What swans can tell us about markets
A new book by Nassim Nicholas Taleb explores the concept of the 'black swan' - a totally unexpected but massively significant event. And investors should take note of his warnings against the hubris of prediction.
The Black Swan: The Impact of The Highly Improbable, a new book by Nassim Nicholas Taleb, provides a timely and highly entertaining warning against the hubris of prediction
What's a 'black swan'?
An unexpected but massively significant event or phenomenon which was unpredictable before it happened and which therefore exposes the limits and dangers of learning from experience. Until the 18th century, no one had seen a swan that was anything other than white.
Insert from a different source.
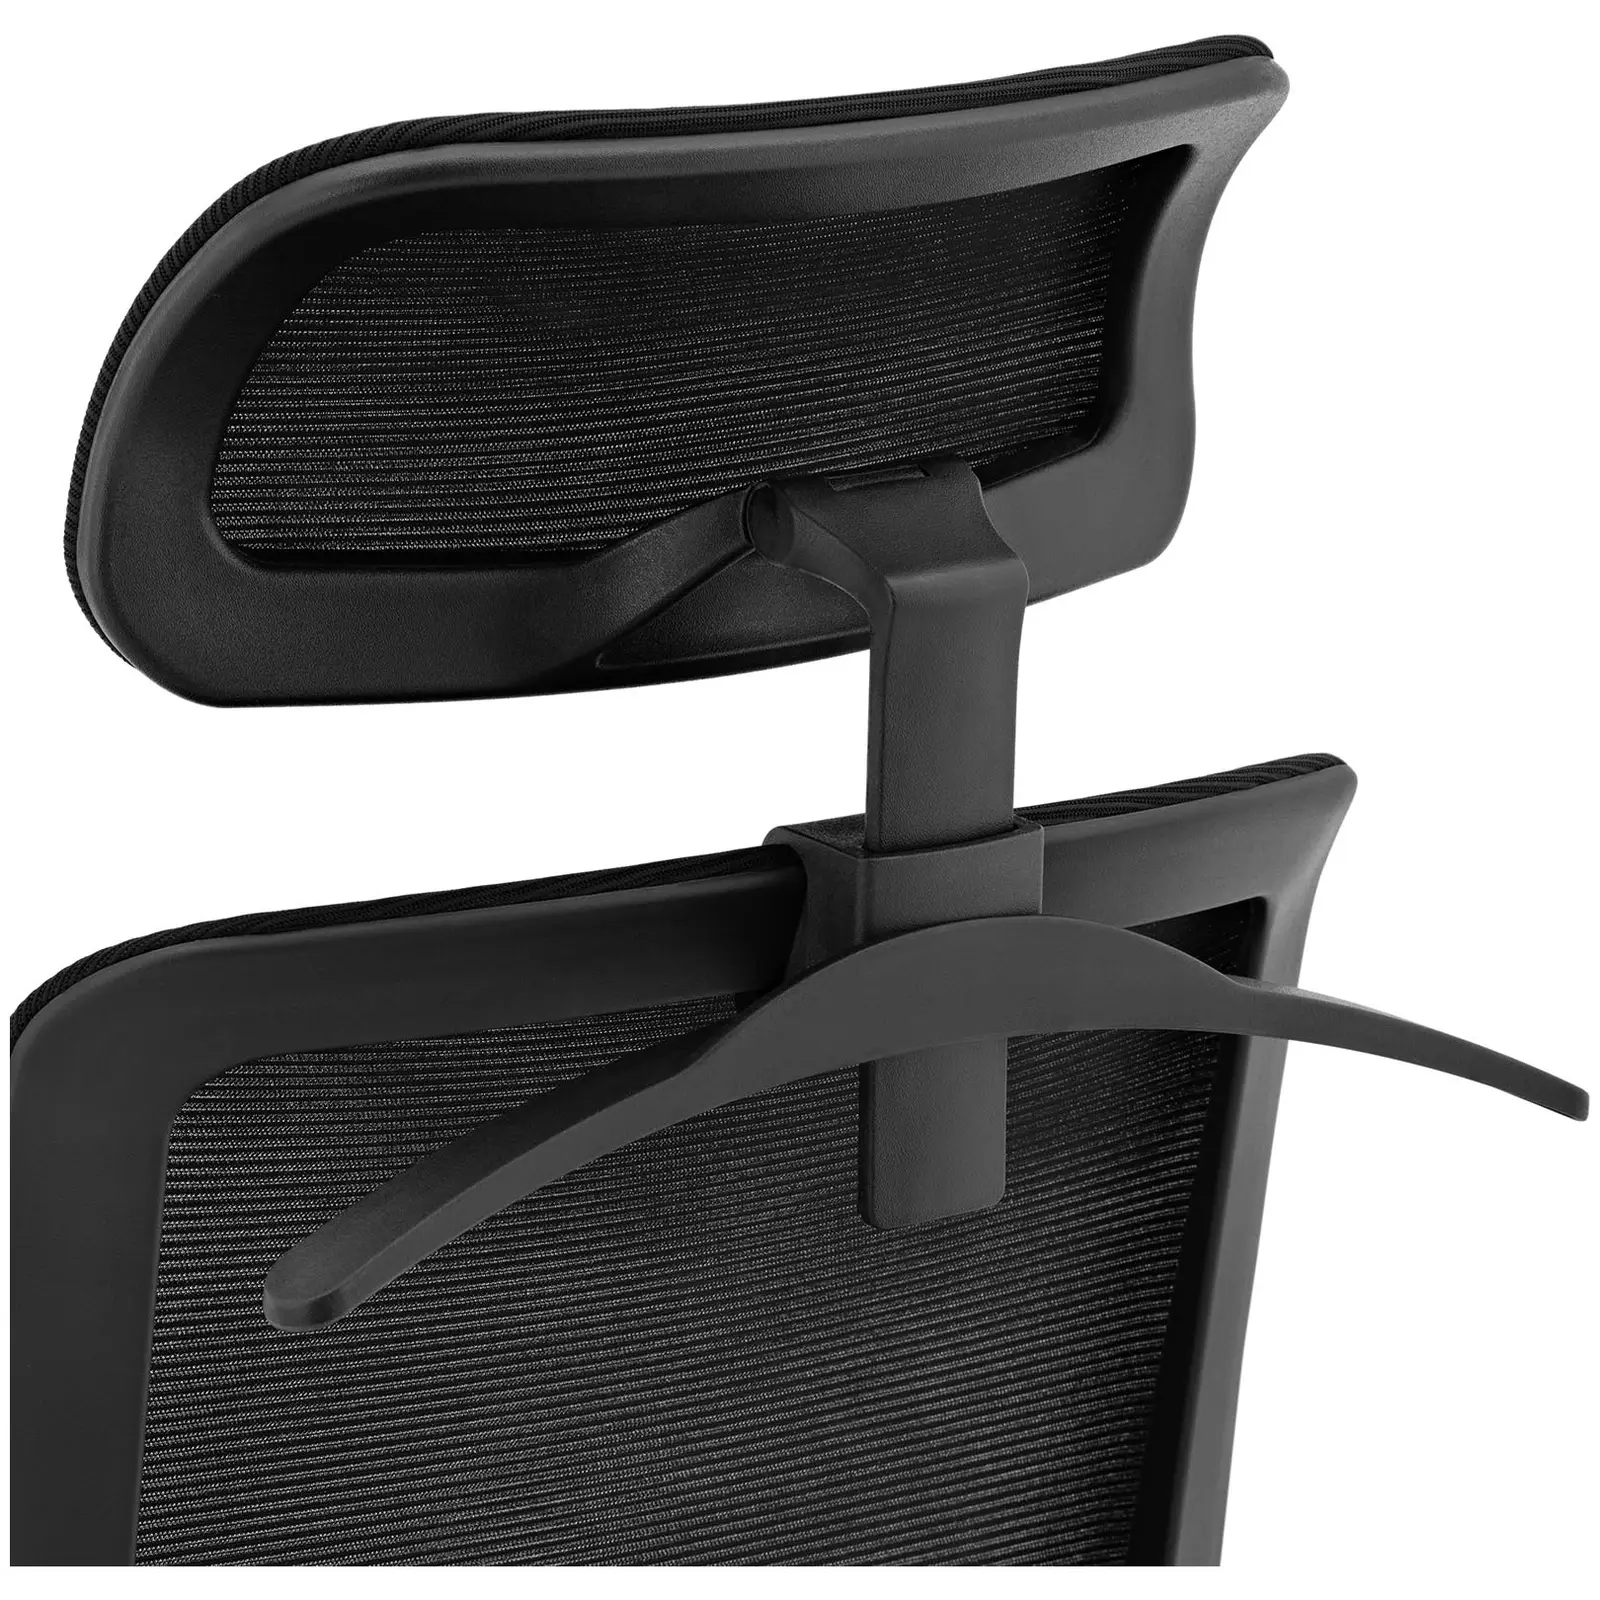 Chaise de bureau - dossier en filet - appuie-tête - siège de 50 x 61 cm - jusqu'à 150 kg - noir

To swan-watchers, then, whiteness was an intrinsic part of swan-ness unremarked and unquestioned. But then mutant black swans were spotted in Australia, and in an instant observers had to change radically their understanding of what it is to be a swan. Similarly, in life, all our understanding of how the world works is periodically overthrown by utterly unforeseen events the invention of the wheel, Pompeii, the crash of October 1987, Google, the Asian tsunami, 9/11. In Taleb's terms, all these are Black Swans.
Who is Taleb?
He's an ex Wall Street options trader, originally from Lebanon, who is now professor of the sciences of uncertainty at the University of Massachusetts. Just after the 9/11 atrocities in 2001, he had a surprise hit with his first book Fooled by Randomness, a witty take on stockmarket investment. In it, Taleb the inspiration for Donald Rumsfeld's famous unknown unknowns' remarks argues that predictions are worthless since markets have no memory and no one knows where prices are heading. He castigates our tendency to find false patterns and attribute causes to processes that are random, and has great fun mocking experts' who come up with specious explanations for market shocks after the event. In his new book, Taleb develops this theme: expecting the unexpected the Black Swan, he says, is the key to understanding not just markets but all history.
What's his argument?
In a nutshell, Taleb argues that humans are hard wired' to see the world through the lens of the Platonic fallacy.' We look for structure where there is none and comprehension where none is possible. Such people are condemed to live in the realm of Mediocristan'. There, their understanding will be conditioned by "Platonified economists with their phoney bell-curve-based equations". More, they will constantly fool themselves with the "narrative fallacy" the human drive to impose a post hoc explanation on even the most shocking events. By contrast, you can choose to live in Extremistan'. There, you will understand that "societies do not crawl, they make jumps. They go from fracture to fracture." Do not be misled by the bell-curve' thinking of so-called experts, says Taleb. It limits expectations. Instead, embrace the fractal geometry of Benoit Mandelbrot where tiny events can have gigantic effects. Think big, take risks, and expect the unexpected.
Quite ambitious thinking then?
Taleb is nothing if not confident, and his book is certainly entertaining. But sometimes his iconoclasm tips over into something less attractive. The Black Swan has received warm reviews, but Taleb has been criticised in The New York Times for ridiculing his targets in personal terms while presenting himself as a renegade genius. He presents his ideas about unpredictability and luck as breakthrough concepts, while failing fully to acknowledge his many intellectual debts to the likes of Karl Popper (also George Soros's intellectual hero). And in extending his Black Swan theory to the whole of history, Taleb overgeneralises for example, he states, wrongly, that no social scientist predicted the collapse of the Soviet Union and may well be stretching his ideas past their breaking point.
What are we to make of this theory?
Taleb's contribution is valuable for two reasons. First when it comes to understanding the limits of financial modelling, and second in thinking about the macroeconomic environment. Taleb might be rudely dismissive of, say, Harry Markowitz, whose doctoral dissertation in the 1950s became the basis of portfolio theory and eventually won him the Nobel prize. But Taleb is certainly right to caution against the complacency that sophisticated risk-management systems induce. The data used in these are necessarily drawn from a period when the institution did not experience the problems the risk models anticipate (when the bank did not go bust for example). And what of the black swan event? It is not in the risk model but that doesn't mean it's not going to happen. The bank could still go under, just not for reasons anyone has thought of yet.
How can investors make use of all this?
Currently, there are clear global risk factors: rising interest rates, the renewed threat of inflation, the slowing US economy, geopolitical instability. And yet global stockmarkets glide serenely higher. Clearly, investors believe that markets will ride out any short-term problems and believe they have factored in all the risks. But Black Swan thinking tells us to expect the unexpected.
On Friday 16 October 1987, no one had an inkling that the Dow Jones would lose over 22% of its value the following Monday. According to analysis of the Dow Jones index's historic movements by Taleb's mathematical inspiration Benoit Mandelbrot, extreme price swings should be seen as the norm in financial markets rather than as aberations. The fact that investors can see only white swans does not mean that a black swan is not around the next bend in the river. "A sound trading strategy would build this cold, hard fact into its foundations."